Ag 2 SO 4 -Ag 2 S transformation in SnO 2 -based nanofibers for high selectivity and response H 2 S sensors.

Tin-based gas sensors have been developed for many years owing to their advantages of low price, high response and stability. However, selectivity remains a significant issue. Herein, Ag-SnO 2 nanofibers are synthesized using AgCl as the doping reagent. The 3%Ag-SnO 2 nanofibers sensors show a high response of 68 toward 1 ppm H 2 S at 90°C . Besides, the sensor with 3% AgCl possesses the shortest response time about 136 s at 150°C which is only 30% value of the sensor without AgCl doping. It is also demonstrated that the nanofibers show a high selectivity towards H 2 S. According to the ex-situ XPS and XRD results, AgCl was transferred to Ag 2 S after Ag-SnO 2 was exposed to H 2 S, and reversible transformation between Ag 2 SO 4 and Ag 2 S was the main mechanism for H 2 S detection.
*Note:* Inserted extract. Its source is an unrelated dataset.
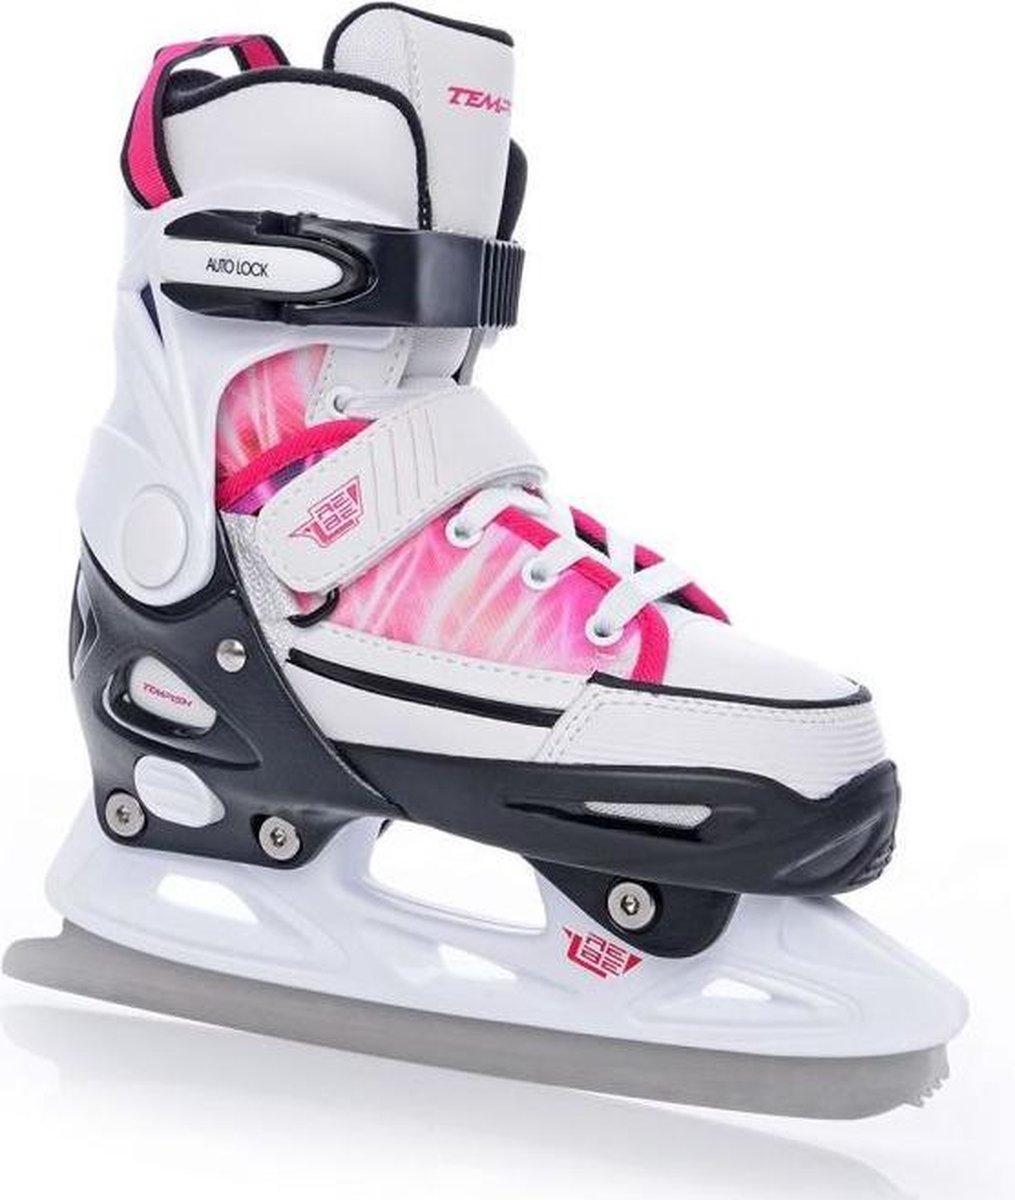 Tempish - Rebel ice one pro girl - Verstelbare schaatsen - Maat 40-43 - Roze

Compared with pure SnO 2 nanofiber sensors, the presence of Ag 2 S with high conductivity greatly affects the resistance to H 2 S, resulting in high selectivity and response. This mechanism differs from that of the transformation between Ag 2 O and Ag 2 SO 4 . This study may provide a new strategy for the design and investigation of sensors with high selectivity.